I clustered all the virtual ESXi instances into a single DRS/HA cluster (turning off admission control as we will be heavily oversubscribing the resources of the cluster and this is just a lab/PoC setup

image

Cluster Summary – 8 x virtualized ESXi instances – note the heavy RAM oversubscription, this server only has 8Gb of physical RAM – the cluster thinks it has nearly 64Gb

image

image

I then built an OpenFiler Virtual Machine and hooked it up to the internal vSwitch so that the virtualized ESXi VMs can access it via iSCSI, it has a virtual disk installed on the SSD presenting a 30Gb VMFS volume over iSCSI to the virtual cluster nodes (and all the iSCSI traffic is essentially in-memory as there is no physical networking for it to traverse.

image

Each virtualized ESXi node then runs a number of nested virtual machines (VM’s running inside VMs)

In order to get Nested virtual machines to work; you need to enable this setting on each virtualized ESXi host (the nested VM’s themselves don’t need any special configuration)

image

Once this was done and all my ESXi nodes were running and settled down, I have a script to build out a whole bunch of nested virtual machines to execute on my 8-node cluster. the VM’s aren’t anything special – each has 512Mb allocated to it and won’t actually boot past the BIOS because my goal here is just to simulate a large number of virtual machines and their configuration within vCenter, rather than meet an actual workload – remember this is a single server configuration and you can’t override the laws of physics, there is only really 8Gb or RAM and 4 CPU cores available.

Each of the virtual machines was connected to a dvSwitch for VM traffic – which you can see here in action (the dvUplink is actually a virtual NIC on the ESXi host).

image

image

I power up the virtual machines in batches of 10 to avoid swamping the host, but the SSD is holding up very well against the I/O

With all 60 of the nested VMs and virtualized ESXi instances loaded these are the load stats

image

 

 

 

 

 

 

 

 

I left it to idle overnight and these are the performance charts for the physical host; the big spike @15:00 was the scripts running to deploy the 60 virtual machines

image

Disk Latency

image

Physical memory consumption – still a way to go to get it to 8Gb – who says oversubscription has no use? 🙂

image image

So, in conclusion – this shows that you can host a large number of virtual machines for a lab setup, this obviously isn’t of much use in a production environment because as soon as those 60VM’s actually start doing something they will consume real memory and CPU and you will run out of raw resources.

The key to making this usable is the solid state disk – in my previous experiments I found SATA disks just got soaked under load and caused things like access to the VMFS to fail (see this post for more details)

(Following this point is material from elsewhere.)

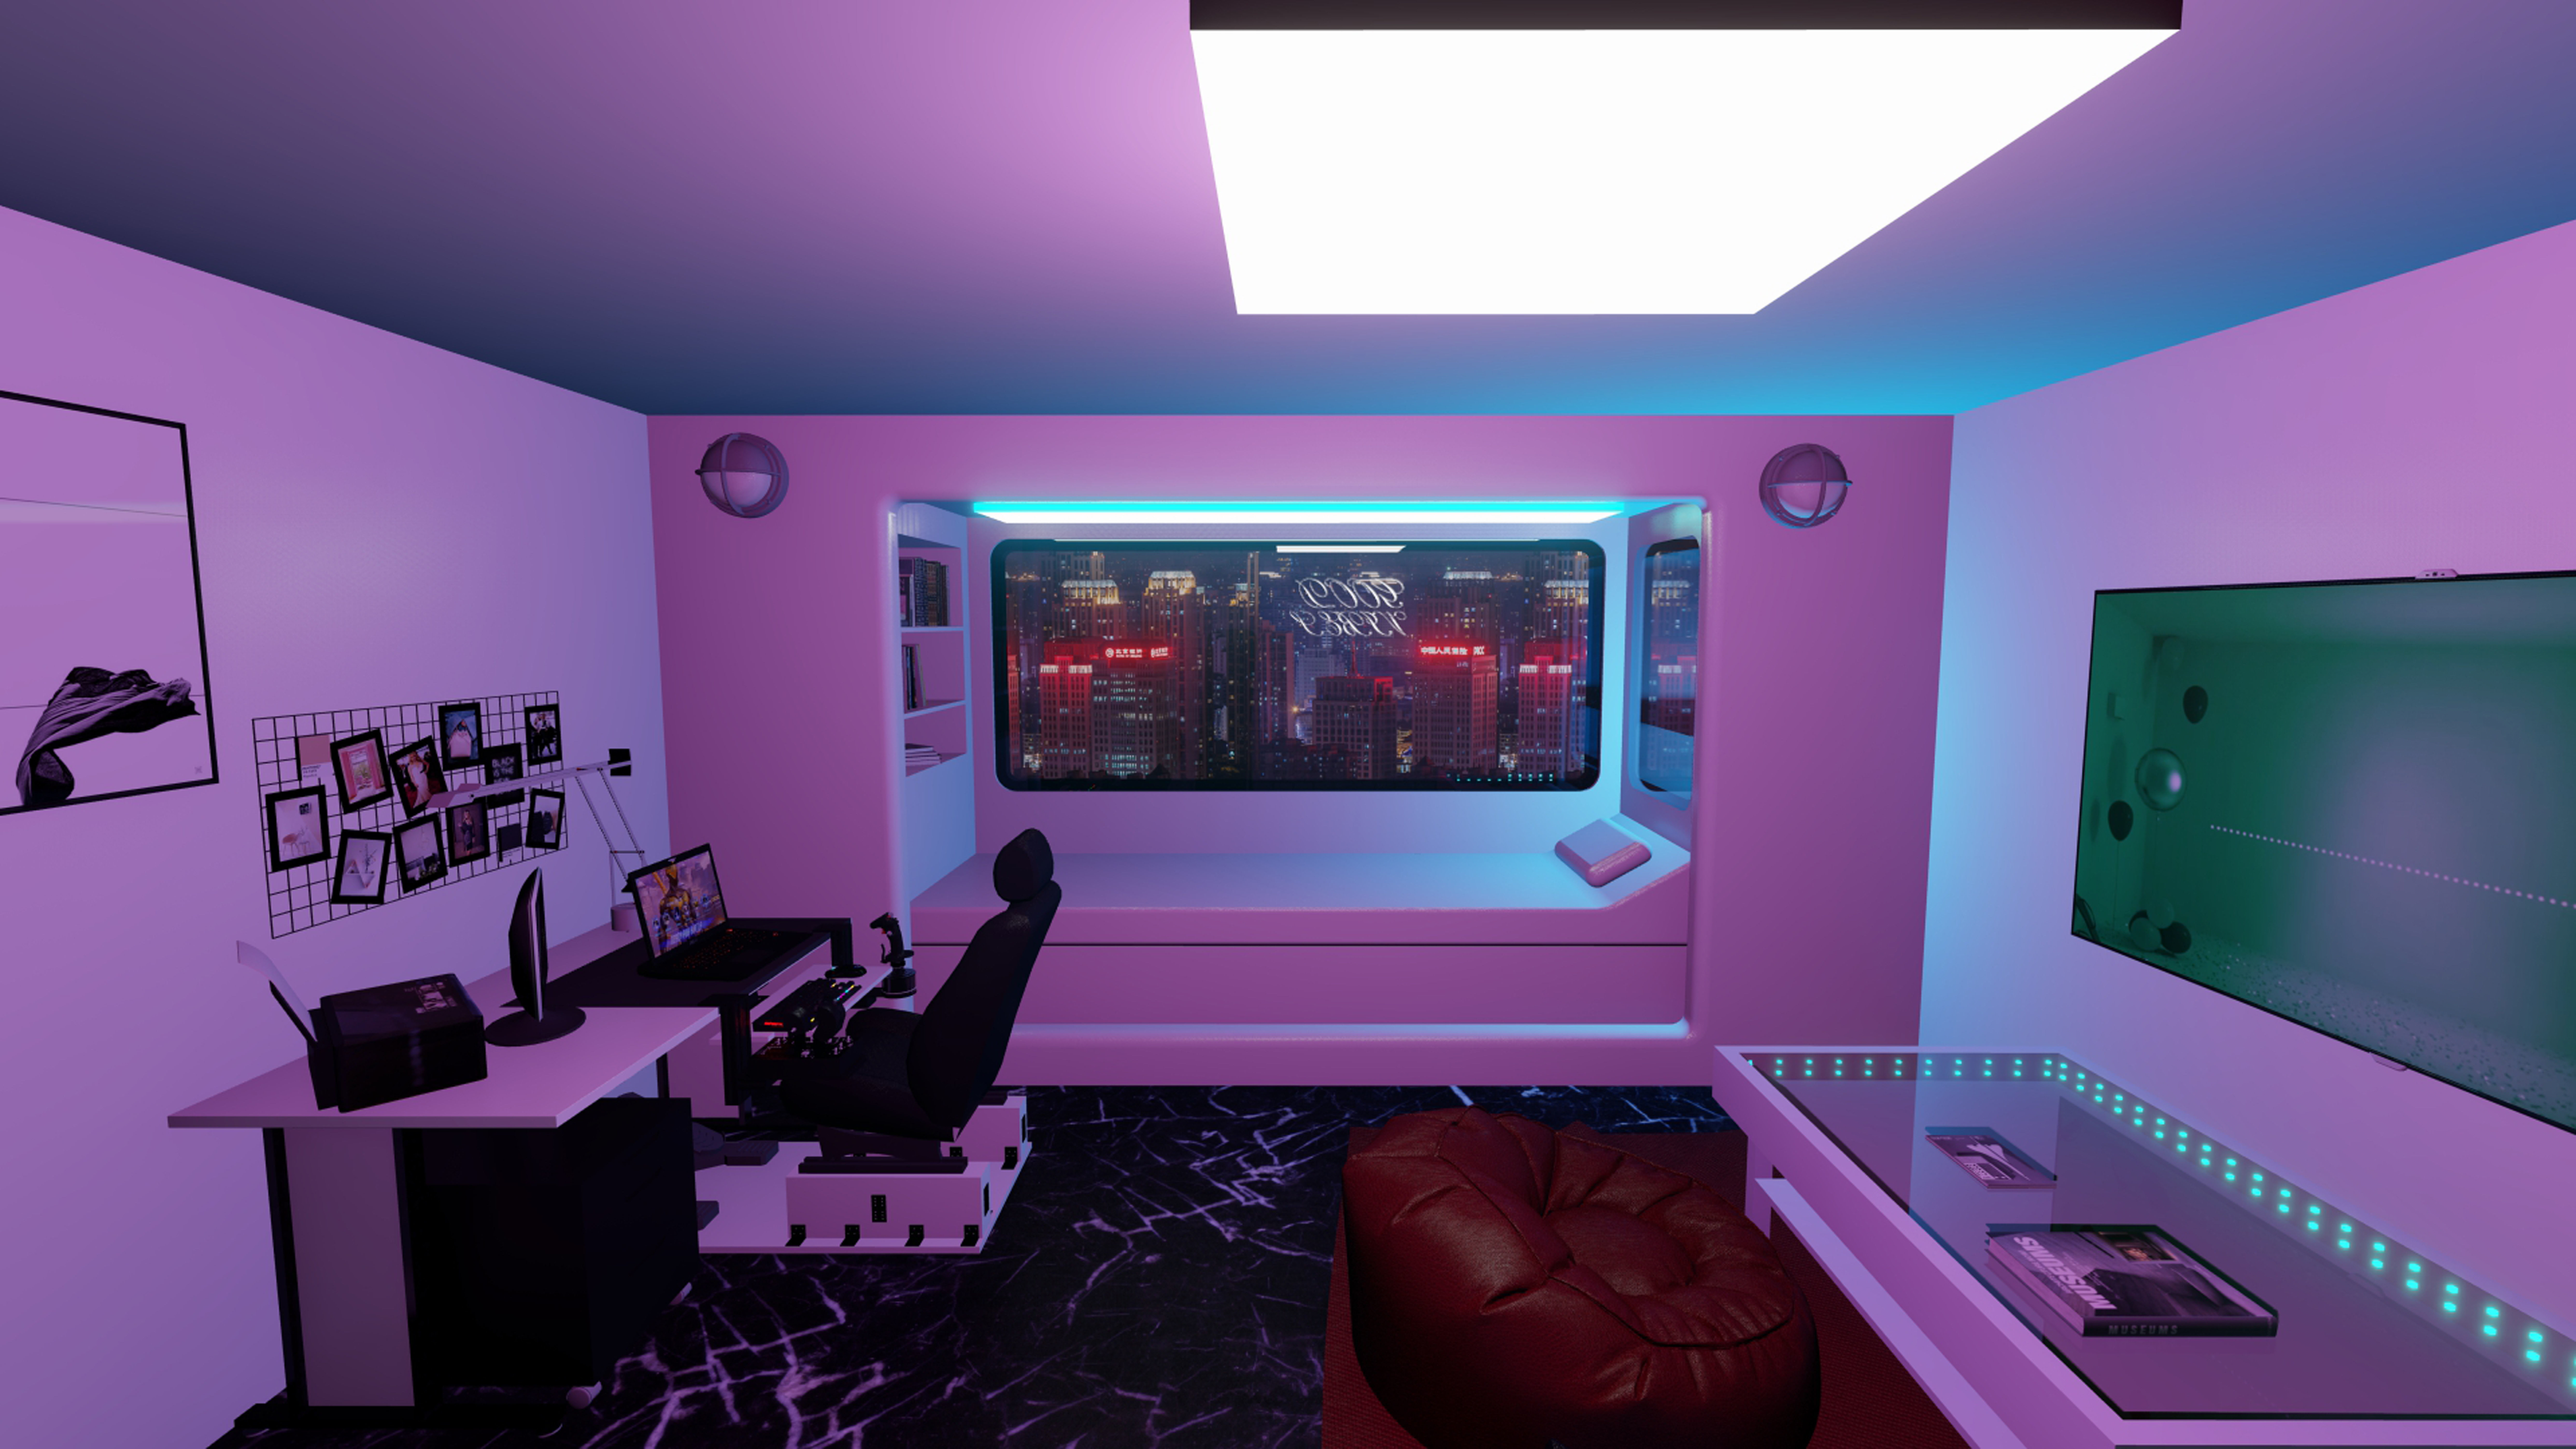 neon aesthetic led room bedroom lights rooms always holographic bedrooms glow digital luxury visit dream

Whilst not a production solution, this sort of setup is ideal for VCP/VCDX study as it allows you to play with all the enterprise level features like dvSwitch and DRS/HA that really need more than just a couple of hosts and VMs to understand how they really work. for example; you can power-off one of the virtual ESXi nodes to simulate a host failure and invoke the HA response, similarly you can disconnect the virtual NIC from the ESXi VM to simulate the host isolation response.

Whilst this post has focused on non-production/lab scenarios it could be used to test VMware patch releases for production services if you are short on hardware and you can quite happily run Update manager in this solution.

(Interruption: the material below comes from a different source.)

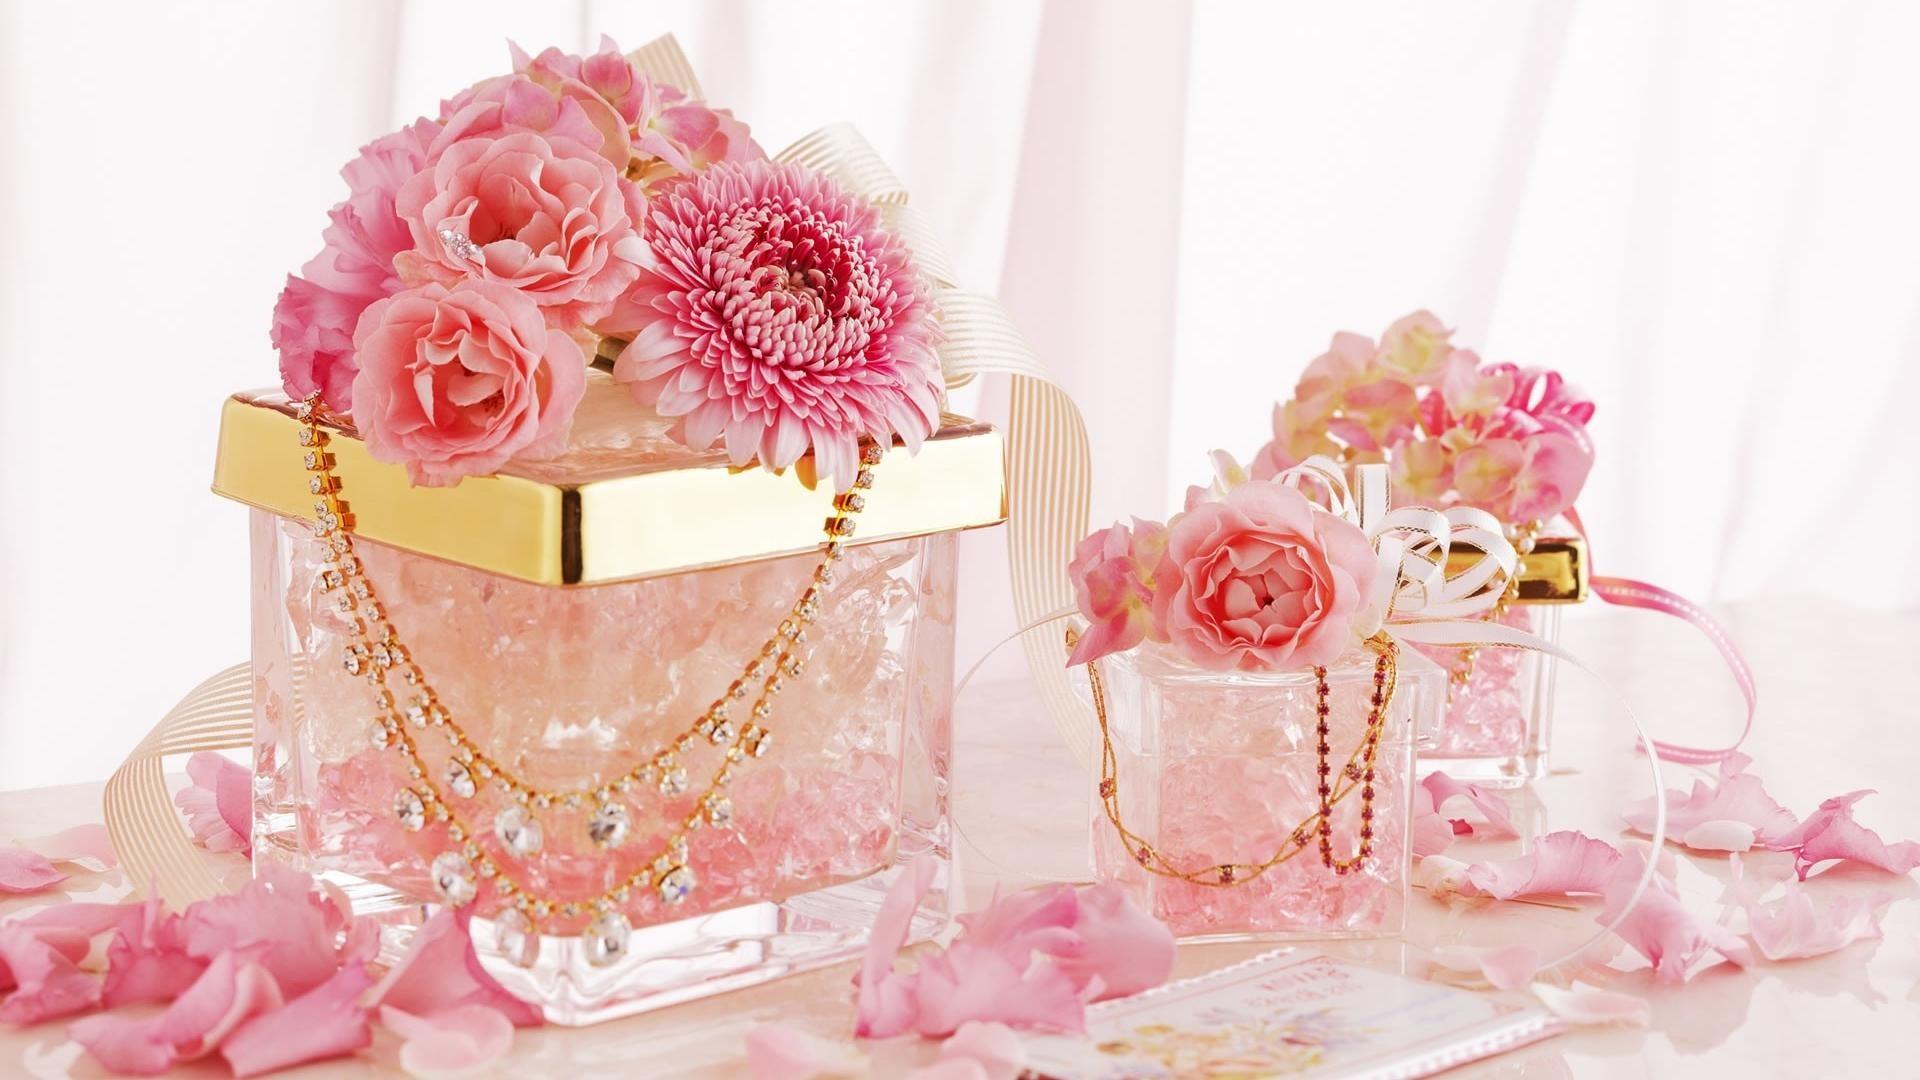 Res: 1920x1080, Fotografie - Stillleben Glas Pink Flower Petal Gold Diamond Schmuck  Chrysanthemen Rose Blume Wallpaper

If you run this lab at home it’s also very power-efficient and quiet, there are no external cables or switches other than a cross-over cable to a laptop to run the VI Client and administer it; you could comfortably have it in your house without it bothering anyone – and with an SSD there is no hard disk noise under load either 🙂

Thin-provisioning also makes good use of an SSD in this situation as this screenshot from a 30Gb virtual VMFS volume shows.

image

The only thing  you won’t be able to play around with seriously in this environment is the new VMware FT feature – it is possible to enable it using the information in this post and learn how to enable/disable but it won’t remain stable and the secondary VM will loose sync with the primary after a while as it doesn’t seem to work very well as a nested VM. If you need to use FT for now you’ll need at least 2 physical FT servers (as shown in the original vTARDIS demo)

If you are wondering how noisy it it at power-up/down TechHead has this video on YouTube showing the scary sounding start-up noise but how quiet it gets once the fan control kicks-in.

ML115 G5 Start-up Noise

Having completed my VCP4 and 3 I’m on the path to my VCDX and next up is the enterprise exam so this lab is going to be key to my study when the vSphere exams are released.

Quick and Dirty PowerShell to create a large number of test VMs with sequential names

 

Be gentle, I’m new to this PowerShell stuff – I have a requirement to create a large number of VMs from a template, this is the PowerShell Code I hacked together from a VMTN communities blog post – it’s not pretty but it works for me – you can play with the variables to adjust to your own environment and desired number of VMs.

In my case my template is a Linux VM setup ready to boot from a LiveCD – just so it generates some basic load when it starts up.

There is a bit of clever number formatting which I lifted from this blog post to pad the VM numbers out to 3 digits and make it tidy looking, not entirely sure I understand what it does – but it works!

I am using PowerGUI based on the info at Al’s blog here

Connect-VIServer -Server localhost >$null

#Variables
$NameVM ="vmNested-"
$NameTemplate ="TPL – vmNested-01"
$Datacenter="v.T.A.R.D.I.S"
$Datastore="SSD-iSCSI"
$ESX="vmESXi-4.lab"
$HOW_MANY_TO_CREATE=4

$Date=get-date -uformat "%Y%m%d"

$NumArray = (1..$HOW_MANY_TO_CREATE)

foreach ($number in $numArray )
{
$seqn=$number
$name =  $seqn | % {"{0:0##}"          -f $_}
$string = $NameVM + $name
echo Creating $string
New-VM -template (Get-template $NameTemplate) -Name $string -Datastore (Get-datastore $Datastore) -VMHost $ESX
}

 

The Results (40 VM’s from template – completed in about 5mins);

image image

Installing ESXi on a Laptop

 

Following on from my recent blog posts about the various ways to configure ML115 G5 servers to run ESX, I thought I would do some further experimenting on some older hardware that I have.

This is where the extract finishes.